" El Sicario, Room 164 (2010), a pas mal fait parler de lui à travers son parcours en festival. Il s’agit du témoignage d’un haut gradé du trafic de drogue à Ciudad Juárez, au Mexique. Pendant vingt ans, il a servi le cartel, pratiquant assassinats ciblés, enlèvements, tortures jusqu’à saturation. Constamment sur ses gardes, gavé d’alcool et de cocaïne, il décide de devenir clean. Commence alors pour lui une descente aux enfers. Ses collègues se moquent de lui, il est rétrogradé, le boss ne lui confie plus que des tâches humiliantes de ramassages de petites dettes dans des bourgades lointaines… Le type décide alors de prendre la fuite avec femme et enfants, déclenchant aussitôt un contrat contre lui et sa famille.

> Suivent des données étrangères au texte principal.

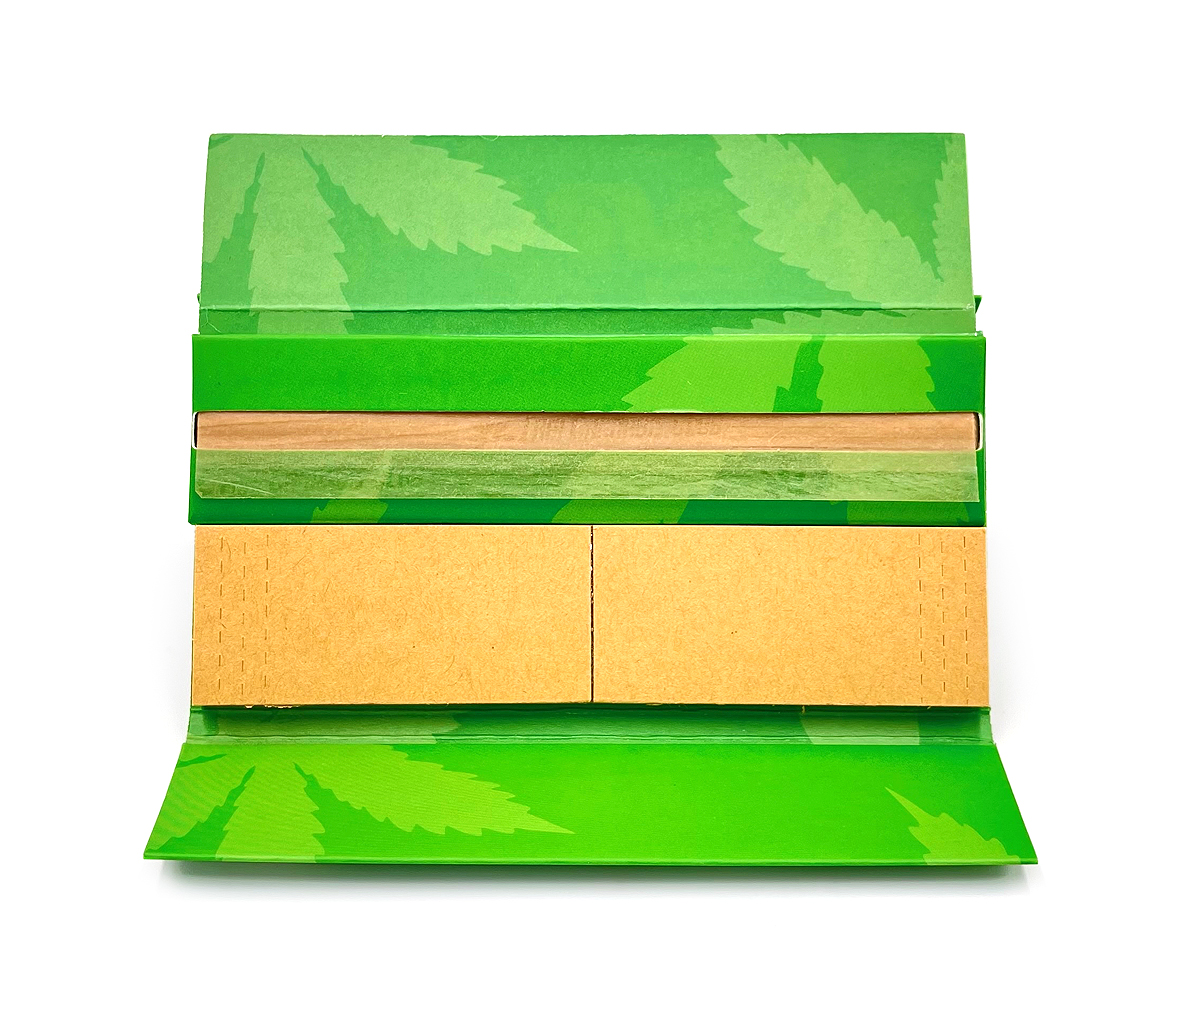 All in One Rolling Paper Kit w/ Grinder
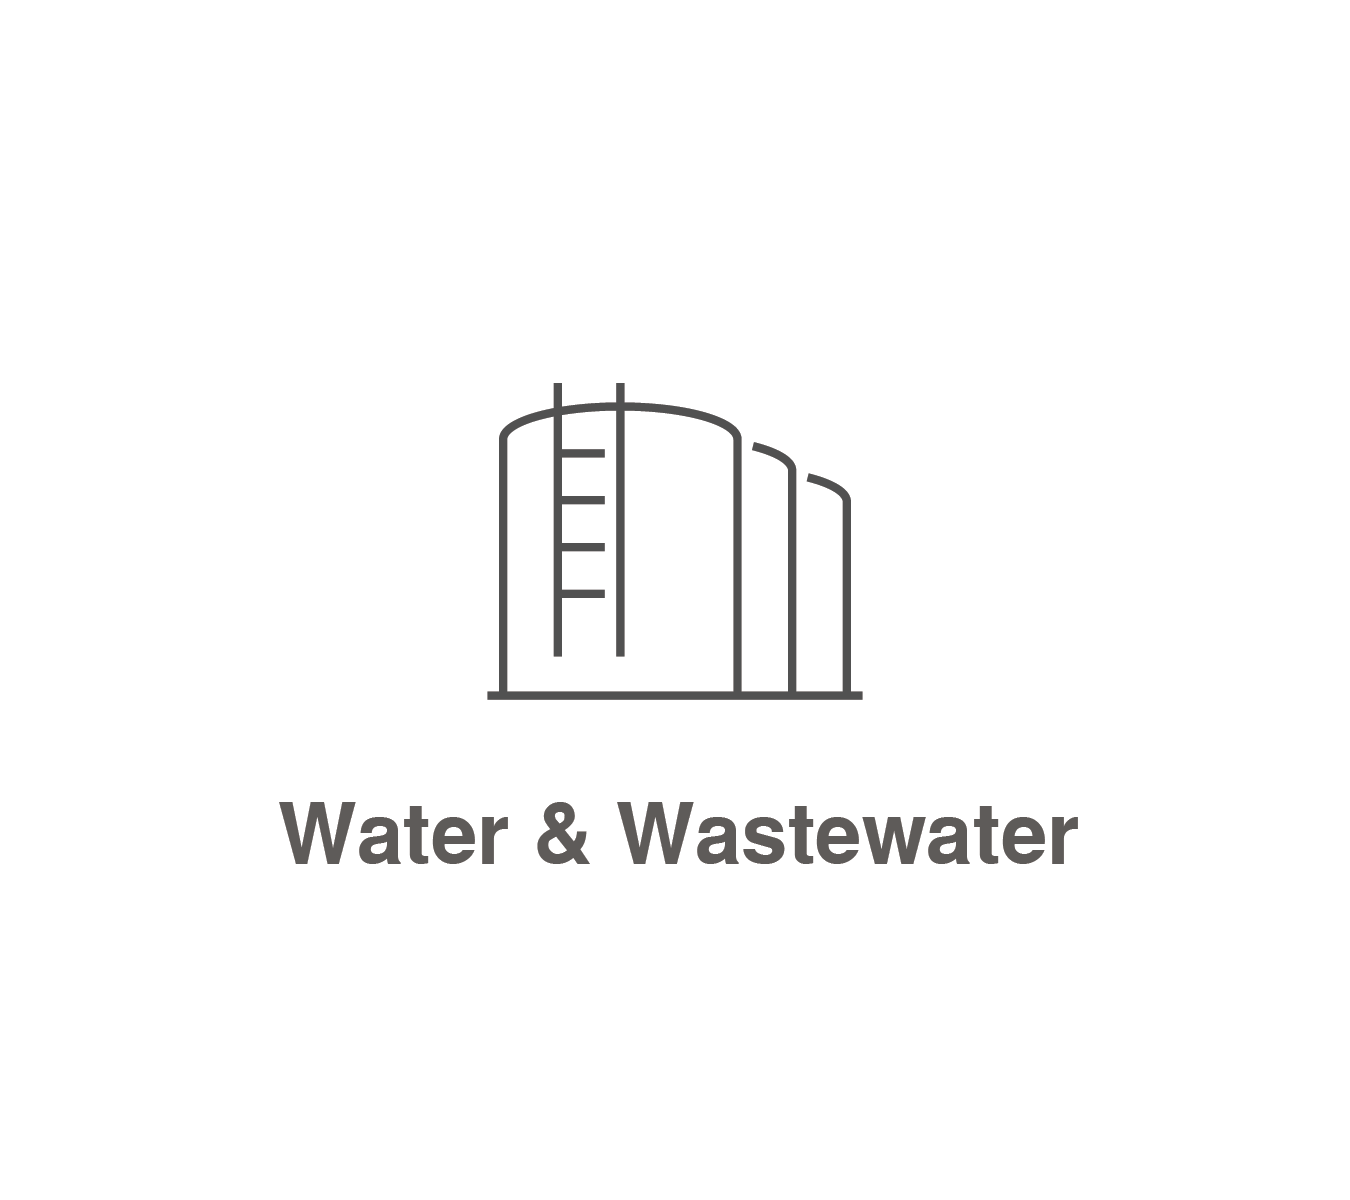 Wastewater Logo - Reliability for Water & Wastewater

A l’image, il parle, le visage caché sous un voile noir, un cahier posé sur les genoux, dessinant des croquis ou écrivant des phrases au fil de son récit émaillé de scènes horrifiques. Il est notamment question du traitement réservé à des traîtres qui sont plongés vivants dans de l’eau bouillante, les parties brûlées étant découpées à vif par des médecins avant retour dans le bouillon. Le narcotrafiquant repenti, tombé en religion (la vida loca devient la mala vida, la belle vie contre la mauvaise), implique dans ses propos un Etat mexicain intégralement corrompu et une police gangrenée par les cartels : sur 200 diplômés dans une promotion, 50 sont des élèves financés, choyés dès le lycée par la mafia.
«Cet homme, je l’aime bien d’une certaine manière, et c’est ce que je déteste le plus dans ce film», déclarait le cinéaste dans un entretien à un webzine. Le trouble suscité un peu partout par El Sicario, Room 164 tient à ce mouvement de répulsion-adhésion que provoque le caractère volubile puis franchement exalté de la crapule en fuite. On découvre chez lui le terrifiant désir de soumission à une autorité, d’abord aux ordres du «patron», puis du seigneur J.-C."